___ SOURCE DATA

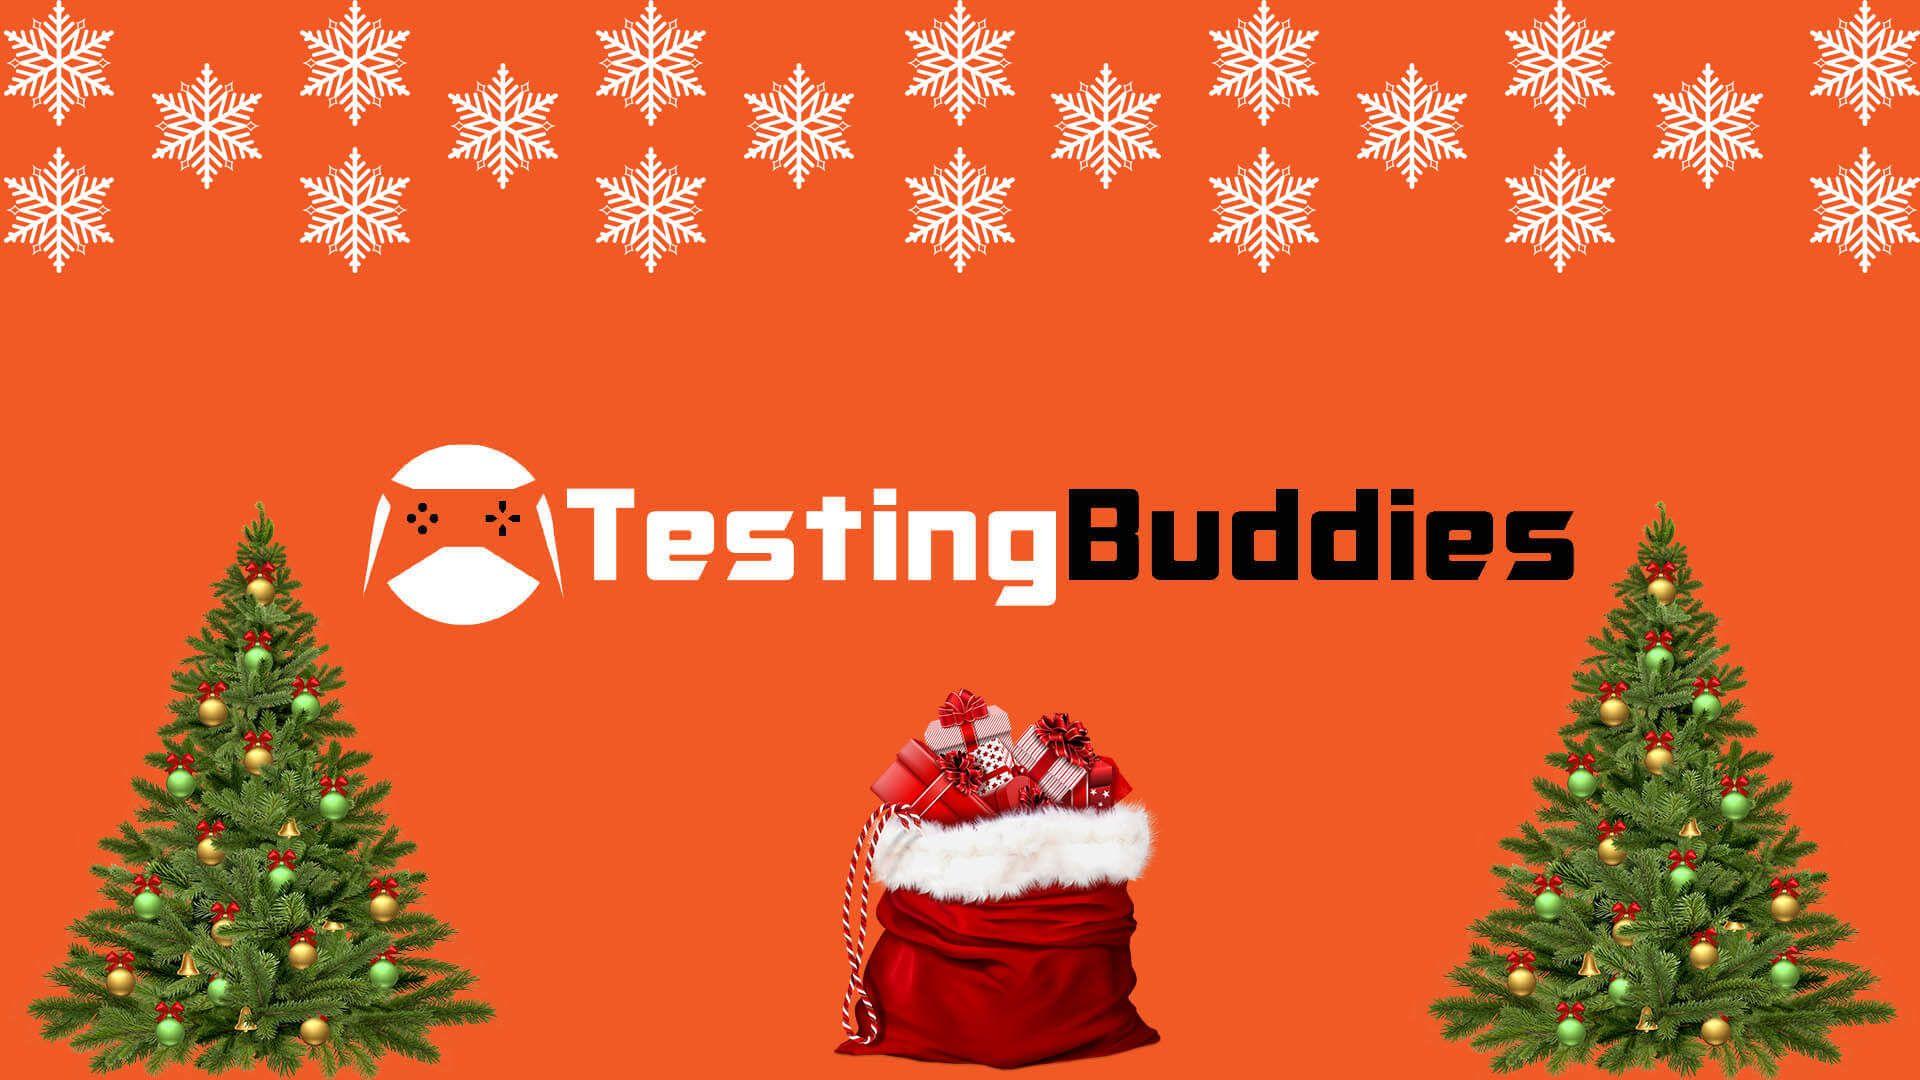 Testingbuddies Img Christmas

______
___ SOURCE DATA

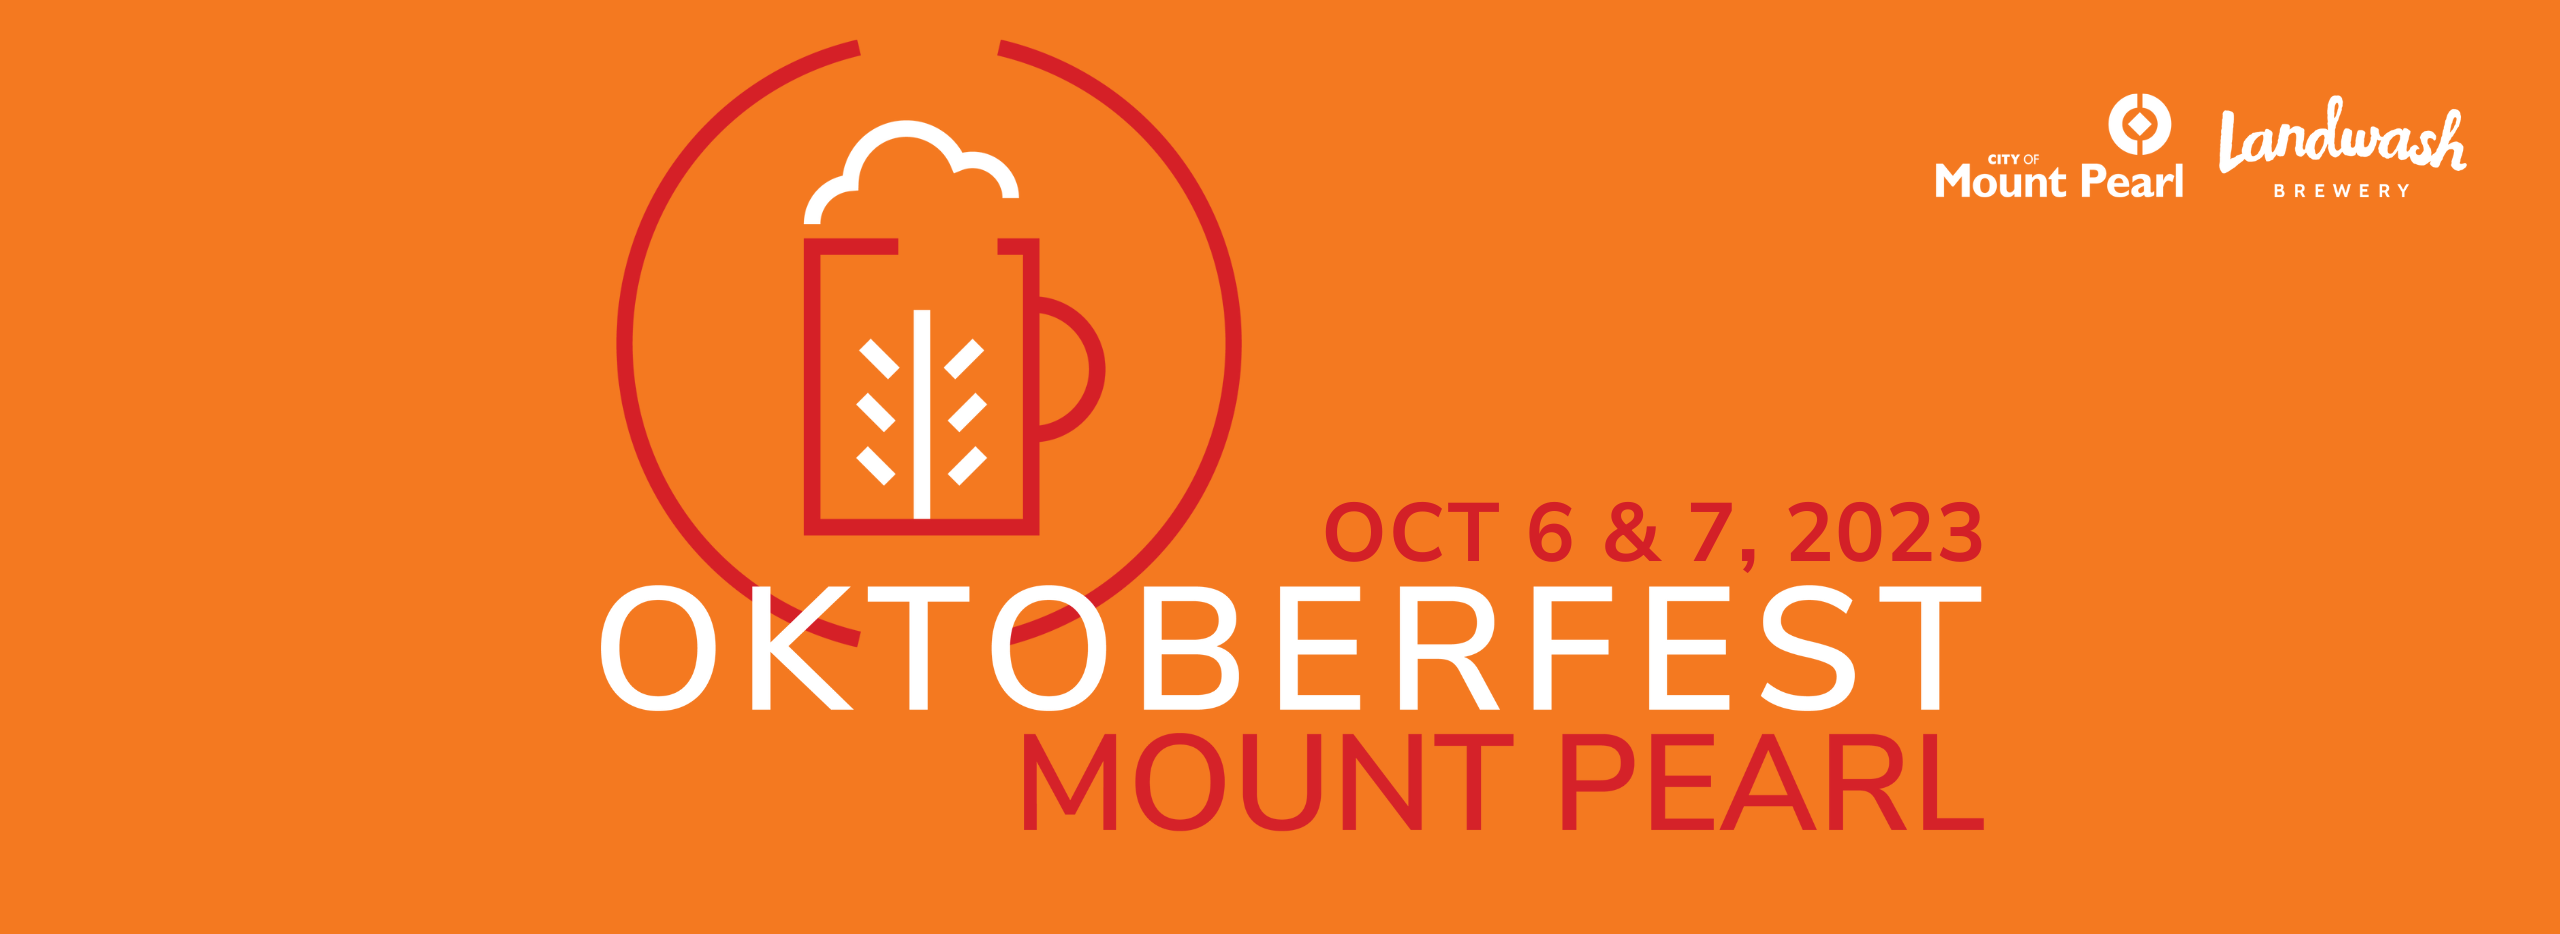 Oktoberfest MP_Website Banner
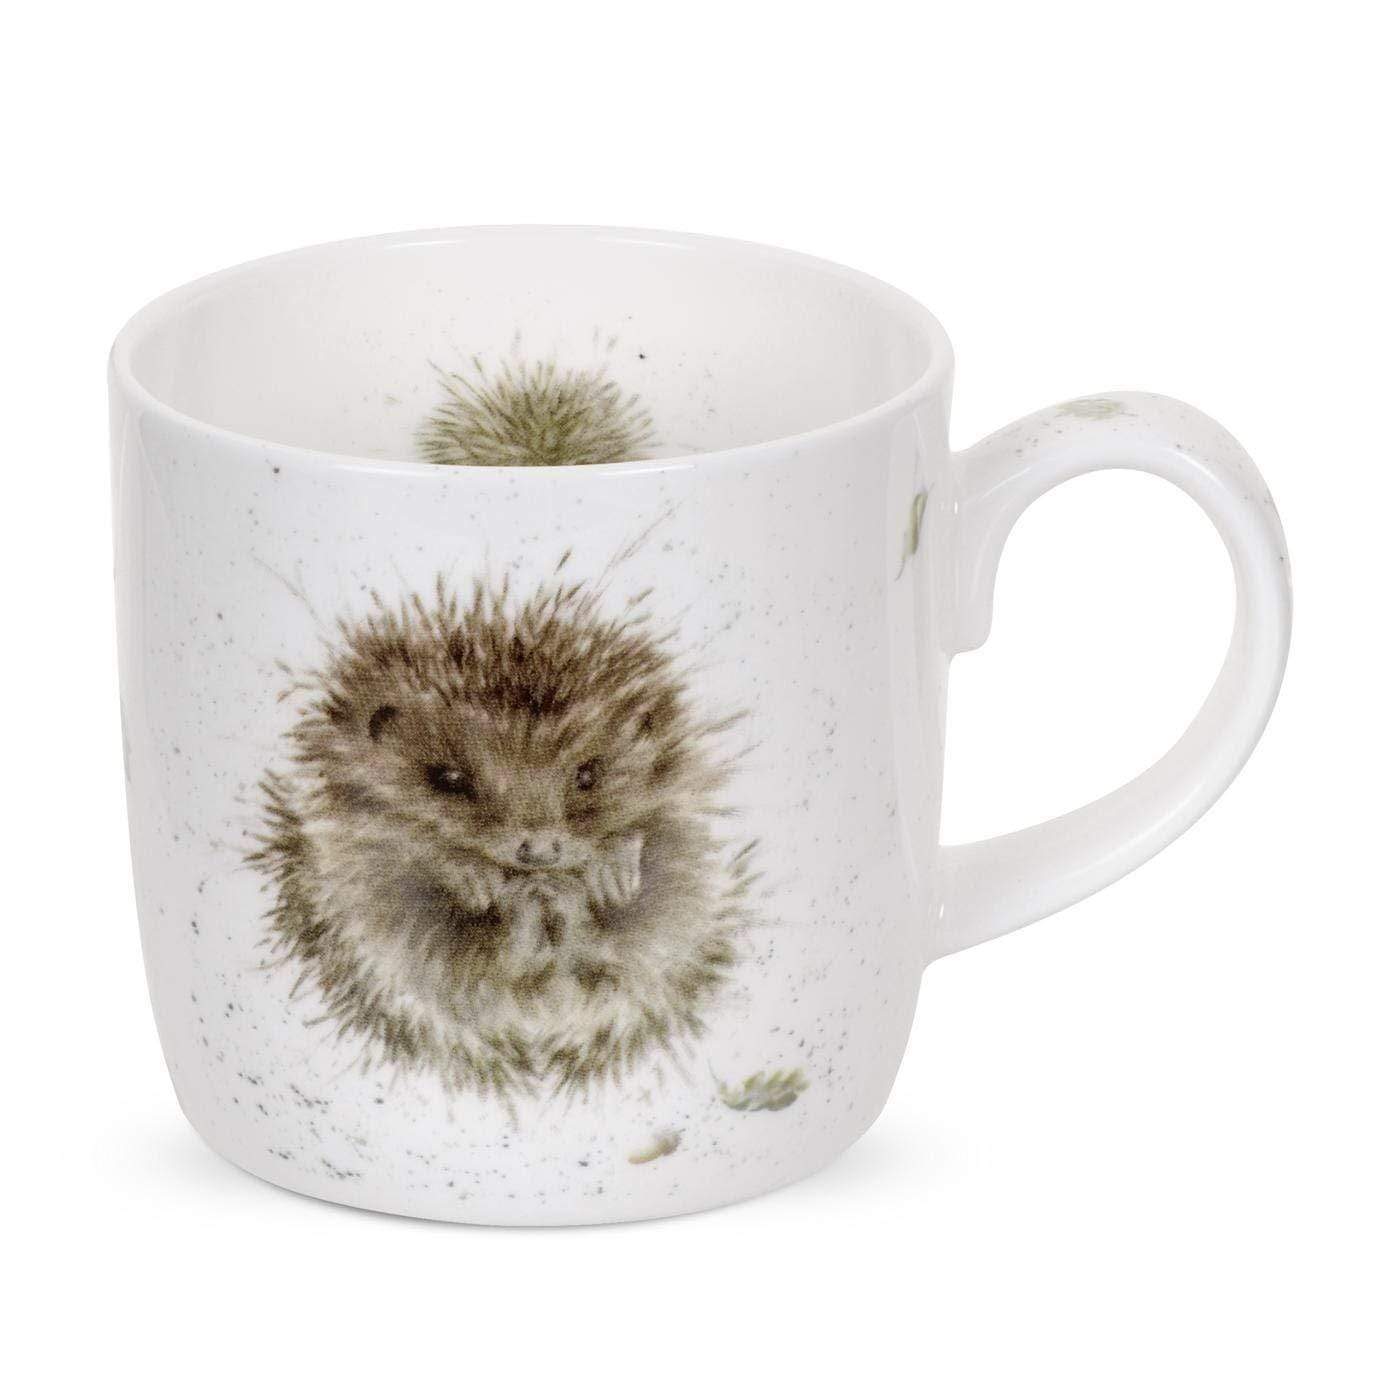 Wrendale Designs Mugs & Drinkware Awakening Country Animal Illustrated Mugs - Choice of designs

______

EXERCISE INSTRUCTIONS => Set down exactly the lines above, from the line containing "Oktoberfest MP_Website Banner" through the line containing "Wrendale Designs Mugs". Skip the pictures.

ANSWER SPACE =>
 Oktoberfest MP_Website Banner
 Wrendale Designs Mugs & Drinkware Awakening Country Animal Illustrated Mugs - Choice of designs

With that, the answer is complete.